- _What you should do_
Only certain lines below are wanted: those starting at the line containing "Beach [TSK (Fuuga" and ending at the line containing "עורך דין מול", both included, each retyped exactly.
*** Opening Available records ***
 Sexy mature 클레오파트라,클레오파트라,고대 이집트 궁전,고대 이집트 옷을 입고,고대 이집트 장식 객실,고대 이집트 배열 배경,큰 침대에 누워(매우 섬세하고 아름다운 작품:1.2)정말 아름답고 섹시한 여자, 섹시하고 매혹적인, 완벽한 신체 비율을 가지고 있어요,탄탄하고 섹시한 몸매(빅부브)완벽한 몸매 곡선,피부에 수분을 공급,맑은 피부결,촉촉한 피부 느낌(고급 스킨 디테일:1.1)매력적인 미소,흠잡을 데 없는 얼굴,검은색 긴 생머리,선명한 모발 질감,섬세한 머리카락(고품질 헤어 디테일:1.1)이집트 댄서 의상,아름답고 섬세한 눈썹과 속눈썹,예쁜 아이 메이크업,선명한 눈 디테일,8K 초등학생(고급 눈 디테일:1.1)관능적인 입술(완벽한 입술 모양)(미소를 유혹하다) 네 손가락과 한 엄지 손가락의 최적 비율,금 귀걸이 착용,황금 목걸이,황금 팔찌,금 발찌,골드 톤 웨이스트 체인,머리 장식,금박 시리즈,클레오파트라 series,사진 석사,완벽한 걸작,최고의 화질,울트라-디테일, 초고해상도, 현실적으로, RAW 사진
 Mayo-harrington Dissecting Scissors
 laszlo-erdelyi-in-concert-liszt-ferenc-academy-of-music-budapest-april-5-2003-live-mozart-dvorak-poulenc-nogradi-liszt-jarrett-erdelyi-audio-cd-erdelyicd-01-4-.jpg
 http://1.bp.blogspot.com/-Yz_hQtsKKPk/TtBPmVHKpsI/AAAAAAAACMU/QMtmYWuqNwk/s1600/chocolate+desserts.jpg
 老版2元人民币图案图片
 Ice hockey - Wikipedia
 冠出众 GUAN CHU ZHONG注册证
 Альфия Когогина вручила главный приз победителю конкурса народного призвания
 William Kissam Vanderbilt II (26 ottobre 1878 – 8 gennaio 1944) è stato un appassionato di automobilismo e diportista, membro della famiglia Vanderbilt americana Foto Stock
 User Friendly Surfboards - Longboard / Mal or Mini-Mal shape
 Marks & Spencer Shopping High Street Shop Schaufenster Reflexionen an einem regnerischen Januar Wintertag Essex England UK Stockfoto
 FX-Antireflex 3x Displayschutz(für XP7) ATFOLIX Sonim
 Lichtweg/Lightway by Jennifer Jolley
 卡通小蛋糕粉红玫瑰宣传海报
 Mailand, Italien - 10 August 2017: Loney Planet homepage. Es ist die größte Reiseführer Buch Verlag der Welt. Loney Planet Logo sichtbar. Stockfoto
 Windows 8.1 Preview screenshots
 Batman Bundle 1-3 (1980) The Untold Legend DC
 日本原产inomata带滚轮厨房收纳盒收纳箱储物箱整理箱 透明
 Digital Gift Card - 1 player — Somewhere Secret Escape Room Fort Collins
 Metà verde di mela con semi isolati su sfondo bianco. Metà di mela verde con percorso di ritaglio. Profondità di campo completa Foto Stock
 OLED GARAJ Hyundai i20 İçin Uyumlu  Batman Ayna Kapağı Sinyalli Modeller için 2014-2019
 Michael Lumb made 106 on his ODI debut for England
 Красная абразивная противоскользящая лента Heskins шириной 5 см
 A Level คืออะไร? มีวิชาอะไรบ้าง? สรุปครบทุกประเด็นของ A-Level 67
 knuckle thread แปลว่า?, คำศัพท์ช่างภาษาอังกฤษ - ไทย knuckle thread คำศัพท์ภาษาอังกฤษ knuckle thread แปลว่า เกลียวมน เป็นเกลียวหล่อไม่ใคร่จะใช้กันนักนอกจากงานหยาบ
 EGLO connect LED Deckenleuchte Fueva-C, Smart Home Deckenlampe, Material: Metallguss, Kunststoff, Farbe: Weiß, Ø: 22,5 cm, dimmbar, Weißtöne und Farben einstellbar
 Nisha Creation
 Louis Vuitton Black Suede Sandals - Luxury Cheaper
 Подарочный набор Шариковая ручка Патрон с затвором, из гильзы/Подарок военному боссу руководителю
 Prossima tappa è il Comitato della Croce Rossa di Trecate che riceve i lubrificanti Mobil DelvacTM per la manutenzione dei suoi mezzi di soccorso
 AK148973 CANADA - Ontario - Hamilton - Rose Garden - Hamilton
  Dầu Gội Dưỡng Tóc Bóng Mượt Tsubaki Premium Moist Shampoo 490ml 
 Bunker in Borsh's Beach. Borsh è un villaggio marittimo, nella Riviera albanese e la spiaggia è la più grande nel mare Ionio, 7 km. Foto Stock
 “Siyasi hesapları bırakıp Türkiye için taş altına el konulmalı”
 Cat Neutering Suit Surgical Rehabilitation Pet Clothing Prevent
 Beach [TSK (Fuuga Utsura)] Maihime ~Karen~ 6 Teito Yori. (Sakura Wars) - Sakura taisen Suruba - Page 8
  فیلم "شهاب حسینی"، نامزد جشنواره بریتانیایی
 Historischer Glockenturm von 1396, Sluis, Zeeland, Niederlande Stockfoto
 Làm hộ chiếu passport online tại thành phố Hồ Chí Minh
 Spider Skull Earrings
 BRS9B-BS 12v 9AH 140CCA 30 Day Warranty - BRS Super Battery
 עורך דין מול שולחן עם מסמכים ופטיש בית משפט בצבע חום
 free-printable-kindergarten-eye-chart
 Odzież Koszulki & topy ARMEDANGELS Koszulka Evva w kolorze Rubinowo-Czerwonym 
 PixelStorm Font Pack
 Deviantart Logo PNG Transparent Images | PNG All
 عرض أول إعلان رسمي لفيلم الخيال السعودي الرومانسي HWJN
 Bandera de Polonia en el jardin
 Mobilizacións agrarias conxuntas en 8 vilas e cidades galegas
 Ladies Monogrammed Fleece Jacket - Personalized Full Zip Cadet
*** Closing Available records ***
- _Finished task_
 Beach [TSK (Fuuga Utsura)] Maihime ~Karen~ 6 Teito Yori. (Sakura Wars) - Sakura taisen Suruba - Page 8
  فیلم "شهاب حسینی"، نامزد جشنواره بریتانیایی
 Historischer Glockenturm von 1396, Sluis, Zeeland, Niederlande Stockfoto
 Làm hộ chiếu passport online tại thành phố Hồ Chí Minh
 Spider Skull Earrings
 BRS9B-BS 12v 9AH 140CCA 30 Day Warranty - BRS Super Battery
 עורך דין מול שולחן עם מסמכים ופטיש בית משפט בצבע חום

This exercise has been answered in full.